Work task ::
Each line below must be set down exactly; omit any image you find.

Exercise data ::
-- Opening Marker --
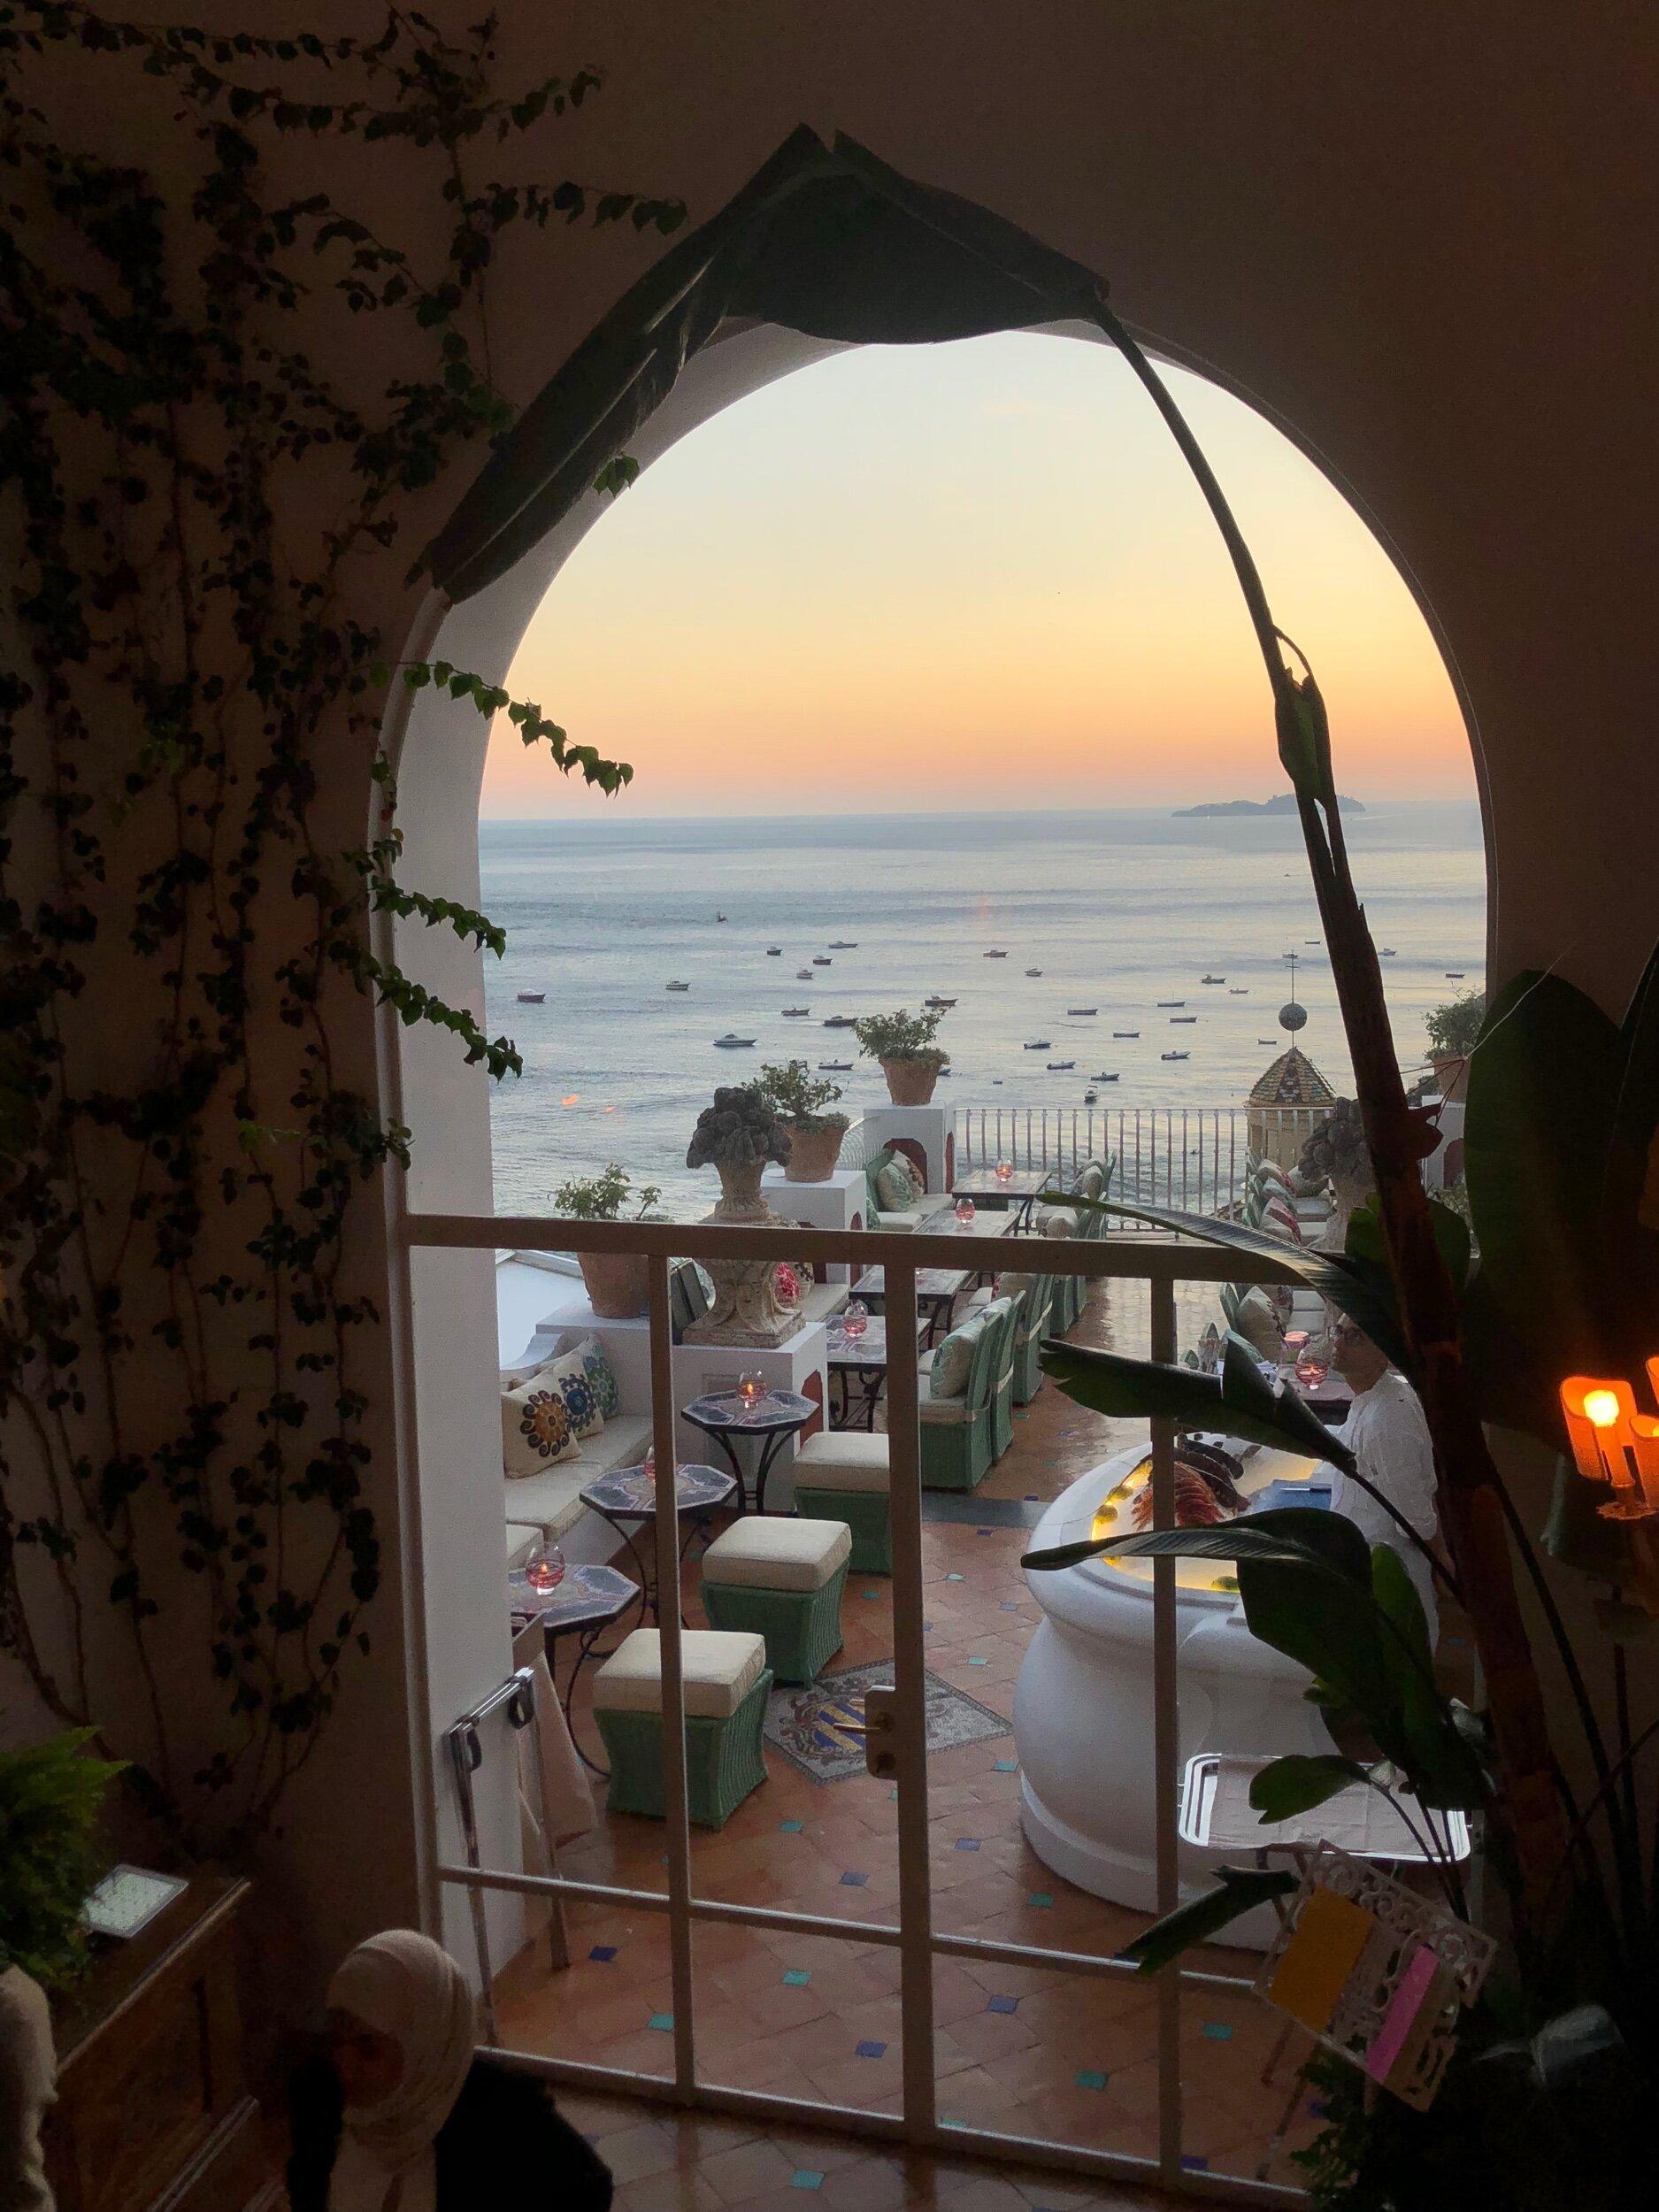 The Sirenuse in Positano
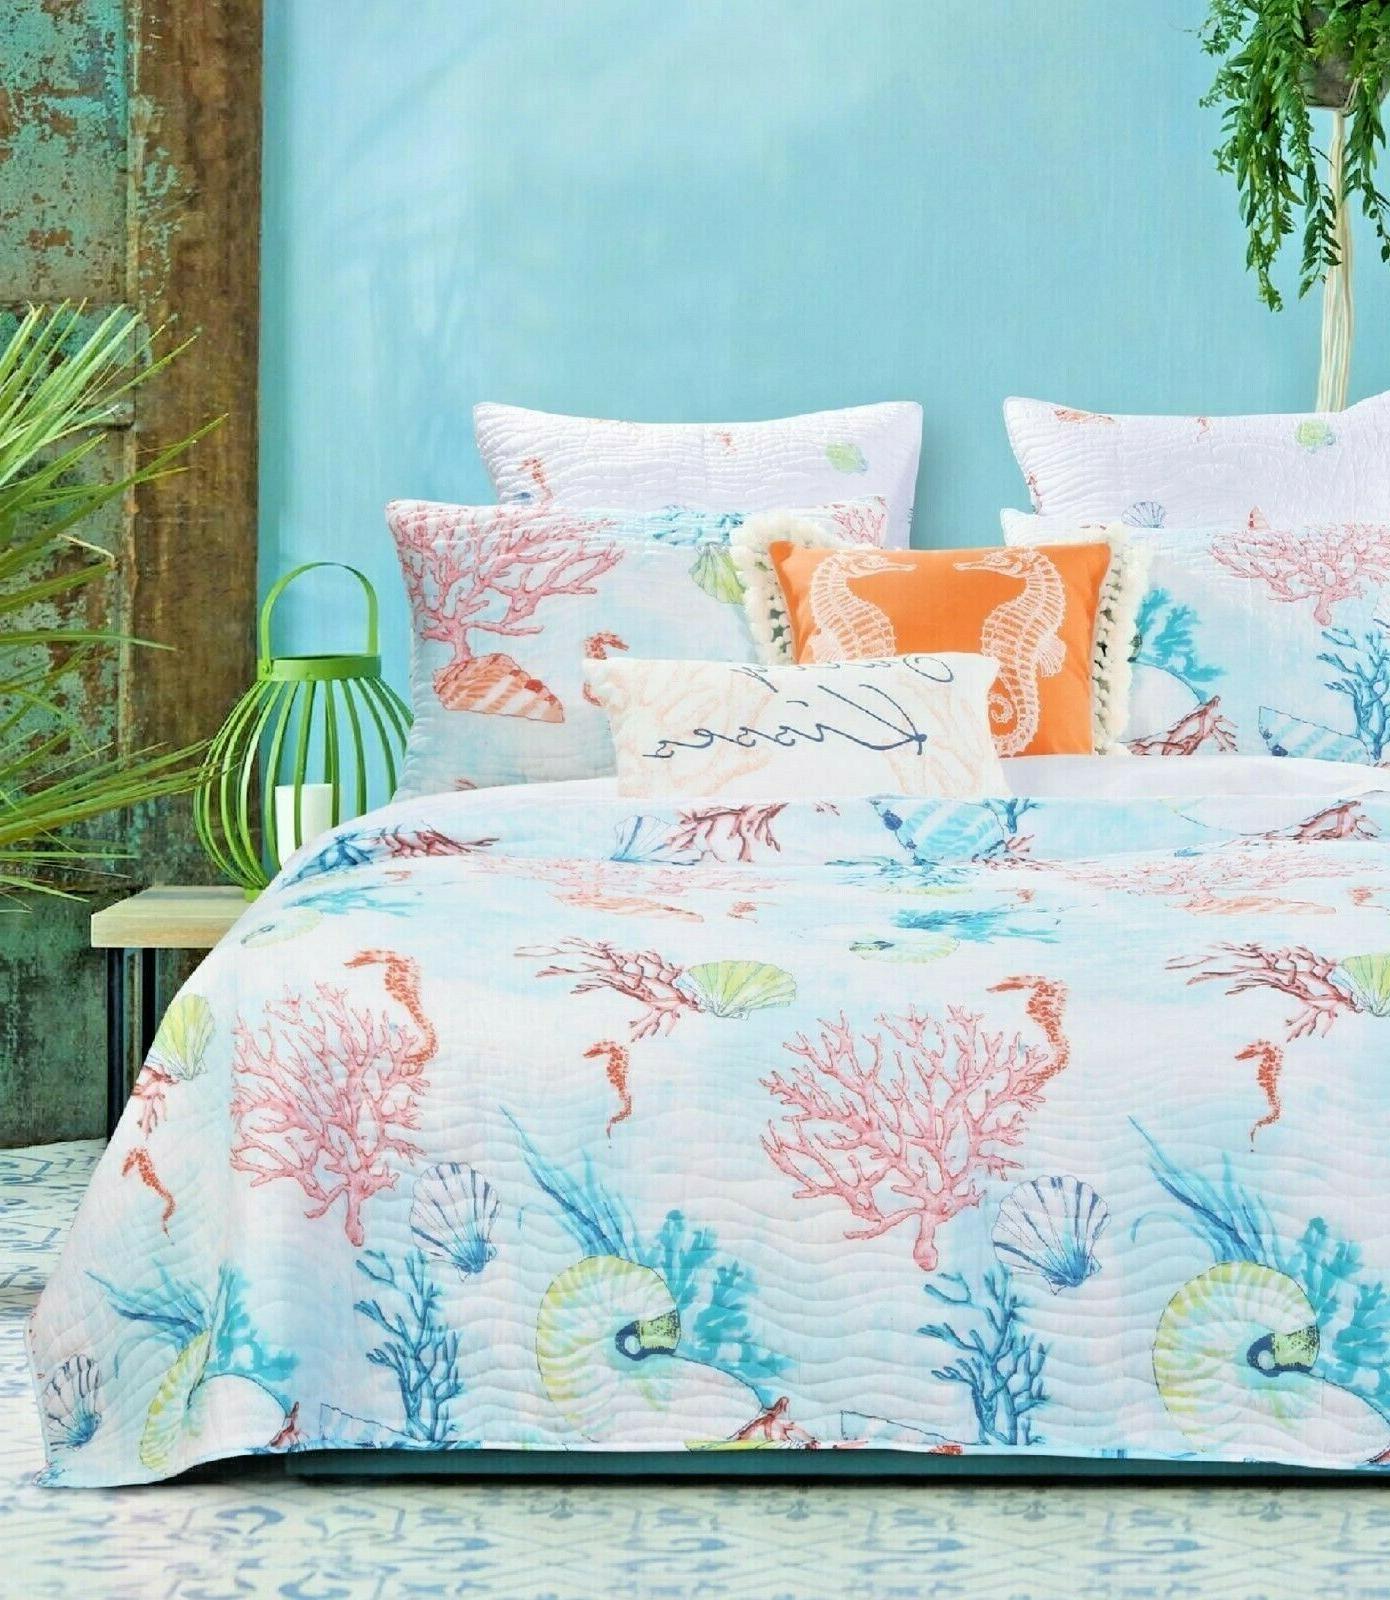 Quilt Set Queen Bedding Comforter Soft Multi Color Bed
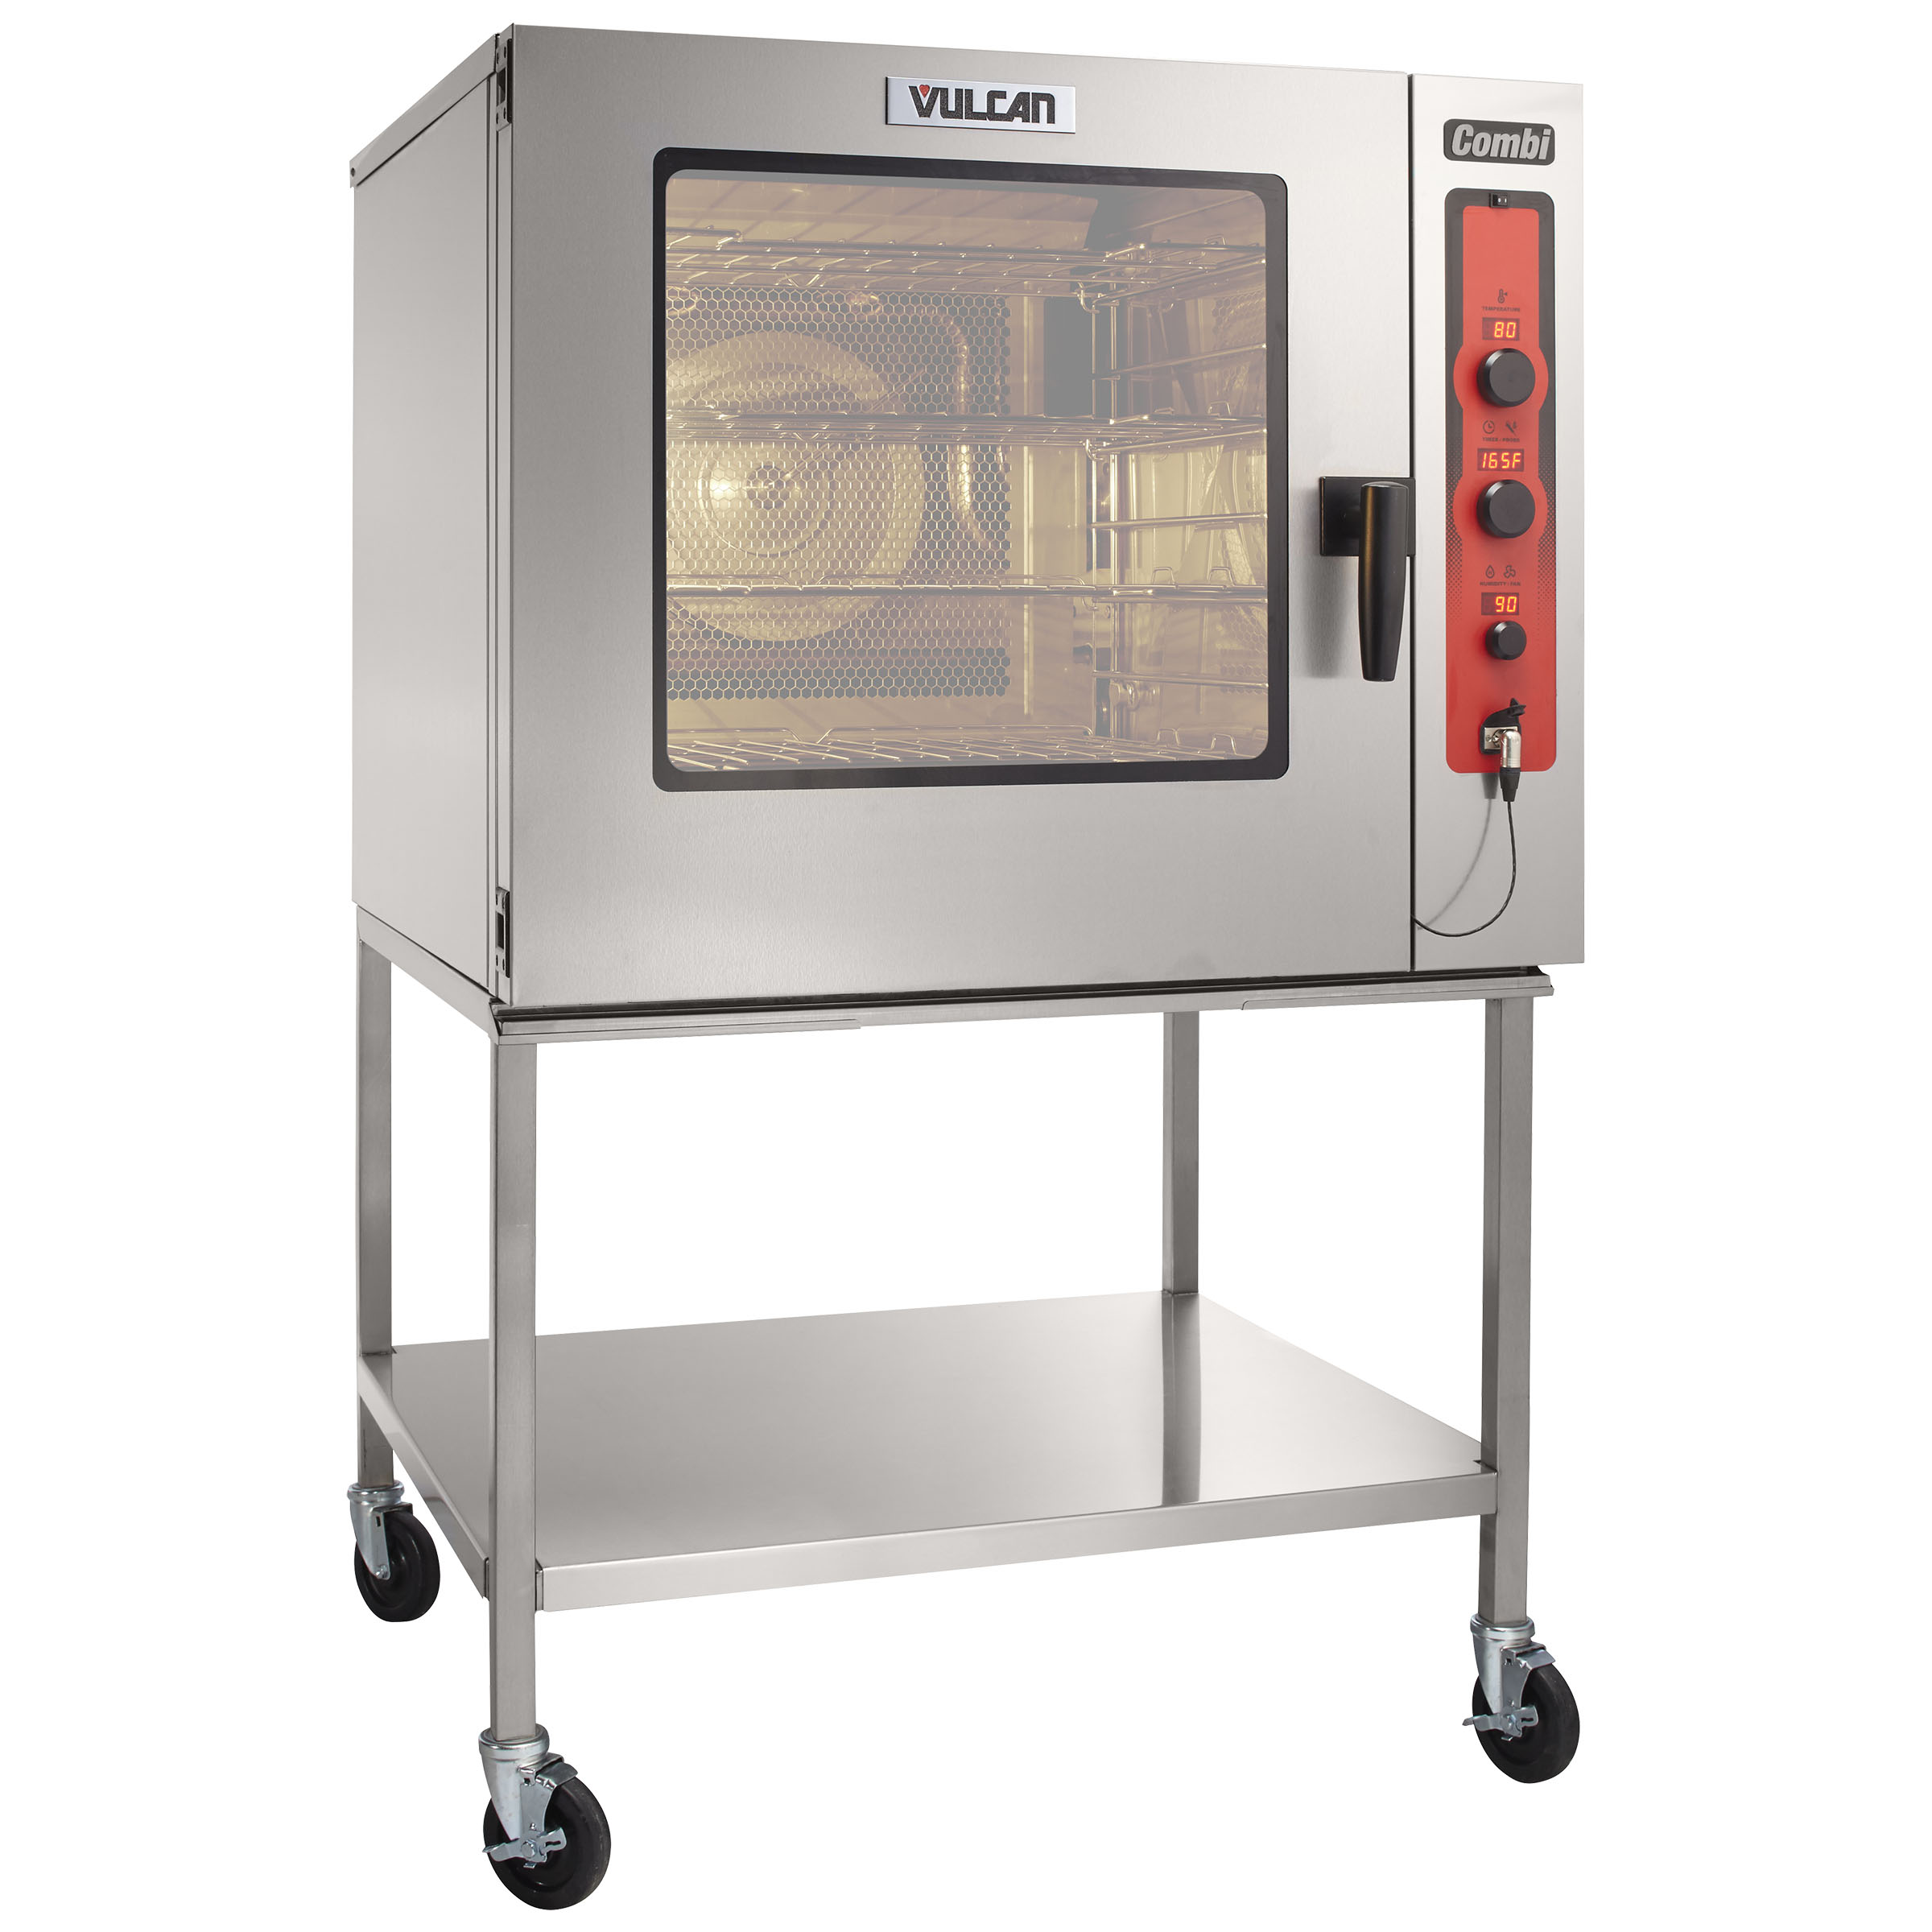 Vulcan ABC7E-240P combi oven, electric
-- Closing Marker --
Output for this exercise ::
 The Sirenuse in Positano
 Quilt Set Queen Bedding Comforter Soft Multi Color Bed
 Vulcan ABC7E-240P combi oven, electric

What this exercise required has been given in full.